Both providers consume the same provider-independent intermediate representation produced once from the GINQ AST, so the difficult work — understanding GINQ semantics — is done a single time, and each provider only renders the "last mile." The feature is strictly additive and opt-in: the collection provider remains the default and is unchanged.
Motivation
GINQ users routinely query data that originates in a database. Today they have two
awkward choices: materialise rows into collections (for example with
groovy.sql.Sql.rows()) and then query the collections with GINQ — which pulls entire
tables across the wire and discards the database’s indexes and query planner — or
abandon GINQ and hand-write SQL, losing GINQ’s compile-time checked, uniform, and
composable syntax. Neither is satisfying.

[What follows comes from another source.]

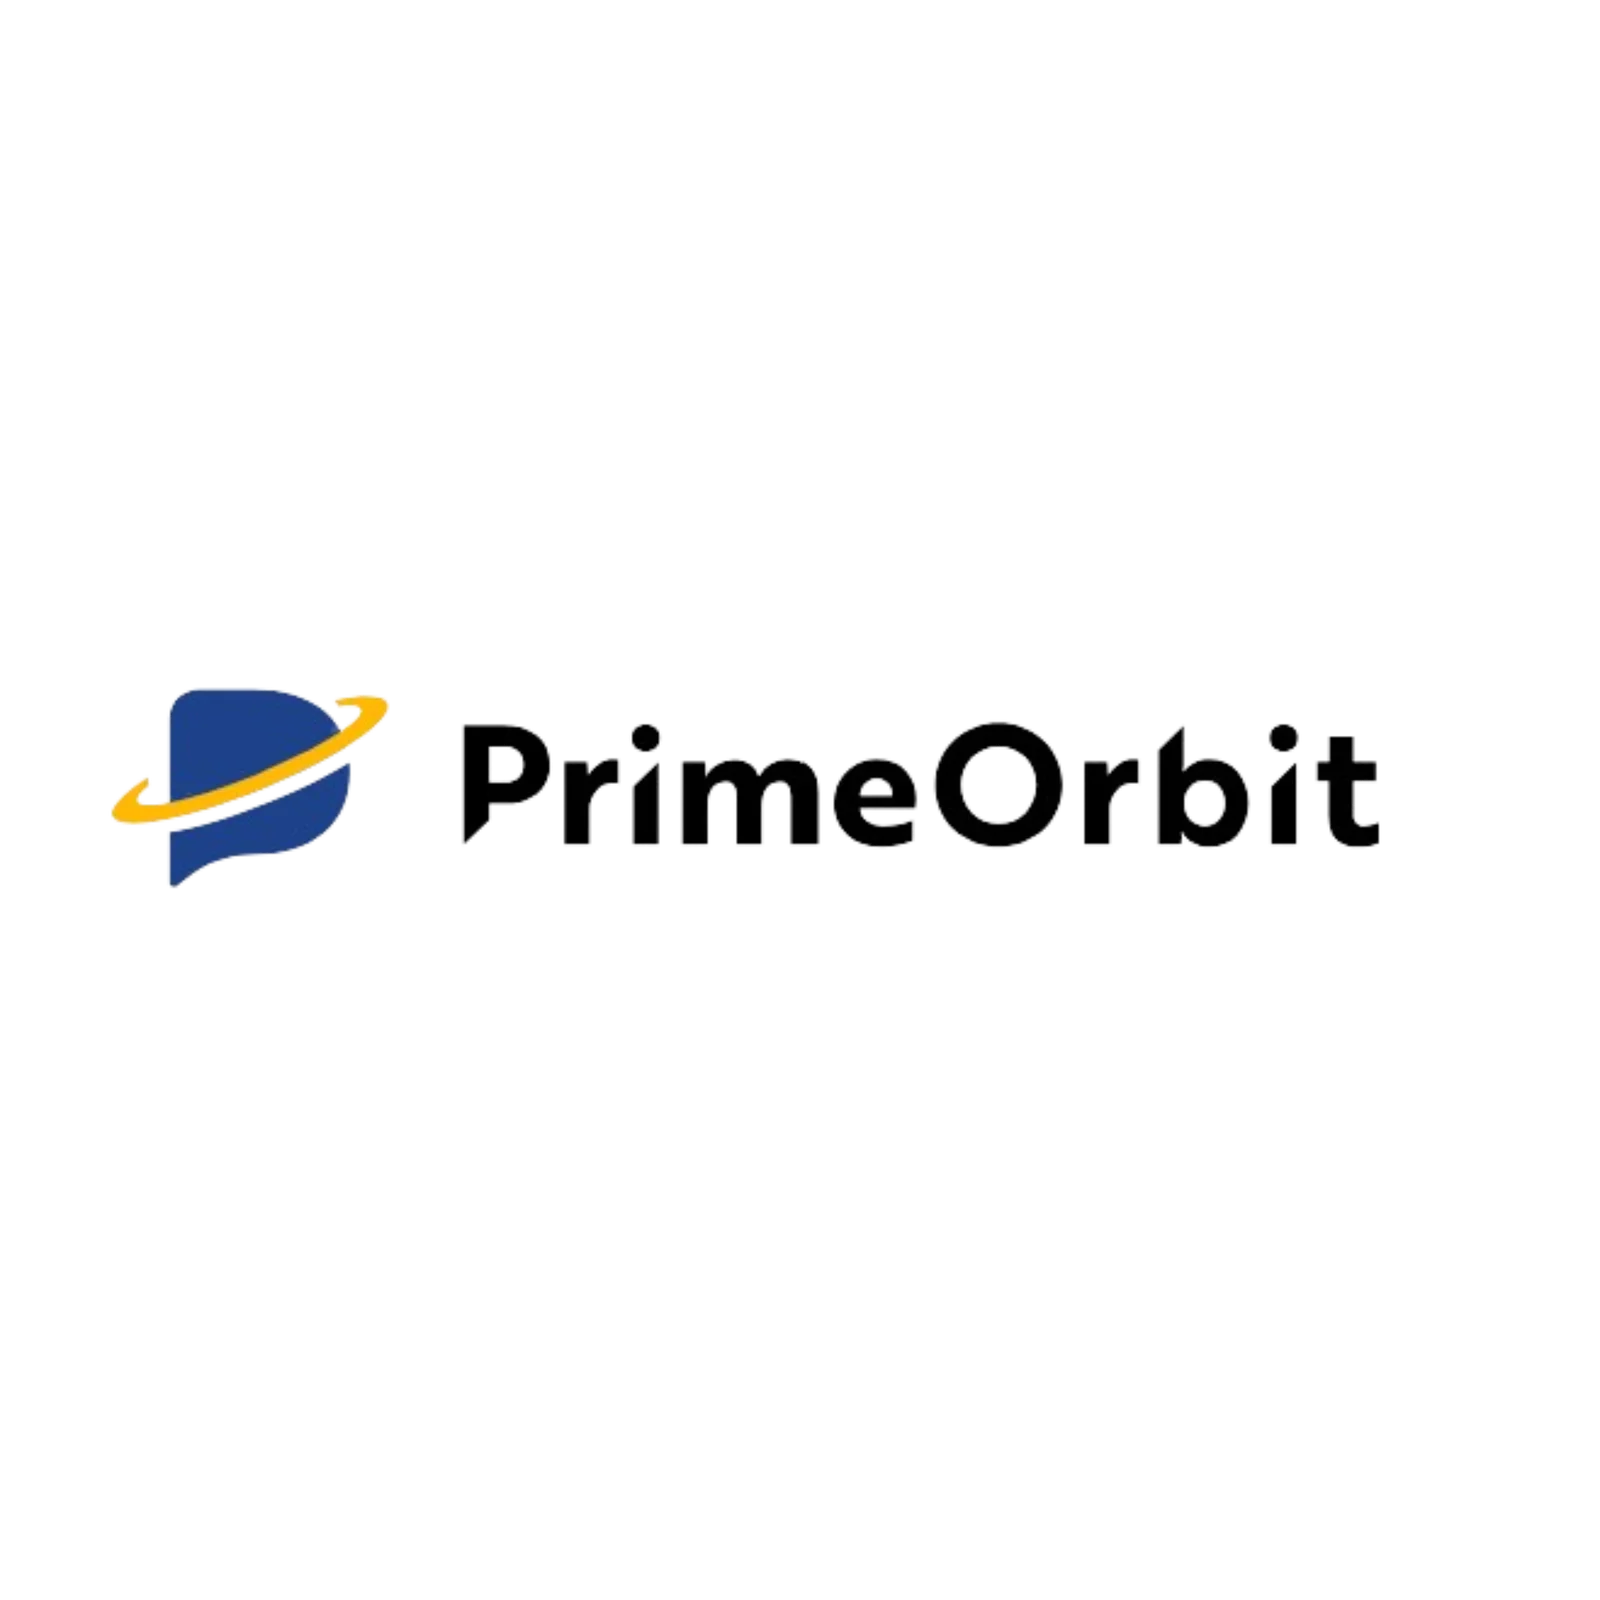 Prime-Orbit-2

The relational backend closes this gap. The motivating insight is the same one behind C#'s LINQ: a query language should be independent of its execution engine. LINQ-to-Objects and LINQ-to-SQL share one surface syntax and differ only in the provider that executes it. GINQ already has the architectural seam for this — a pluggable code generator selected per query — but ships only the in-memory generator. This GEP fills in the relational half.
The concrete benefits:
-
Push-down.
where,join,groupby, aggregation, andlimitexecute inside the database, using its indexes and optimiser, returning only the rows the query actually needs. -
One syntax, two worlds. The same query can target a collection during testing and a database in production, with the provider as the only difference.
-
Composability preserved. Results come back as a
Queryable, so further GINQ operations and ordinary Groovy collection methods continue to work on the result. -
Zero-dependency floor, optional ceiling. The native provider guarantees a fully ASL2, dependency-free baseline; JOOQ is an opt-in upgrade for teams that need broad dialect coverage.
Design principles
-
Same syntax, different execution. The GINQ surface language does not change. A query becomes a database query purely by selecting a provider. No new query keywords are introduced by this GEP.
-
Zero-dependency core. The native provider depends only on
groovy-sql. Every feature it offers is available under ASL2 with no third-party runtime dependency. JOOQ is strictly optional. -
Translate cleanly, or refuse clearly. Expressions that have a faithful SQL meaning are translated; expressions that do not are either pushed to an in-memory fallback (mixed mode) or rejected at compile time with a precise, actionable error — never silently mis-executed.
-
Safe by construction. Literals and captured variables always become bound statement parameters. SQL text is never assembled by string concatenation of user values. SQL injection is structurally impossible.
-
Render once, reuse everywhere. The GINQ AST is walked into a provider-independent intermediate model exactly once; providers differ only in how they render that model.
-
Additive and opt-in. The collection provider remains the default. Existing GINQ code, semantics, and performance are untouched.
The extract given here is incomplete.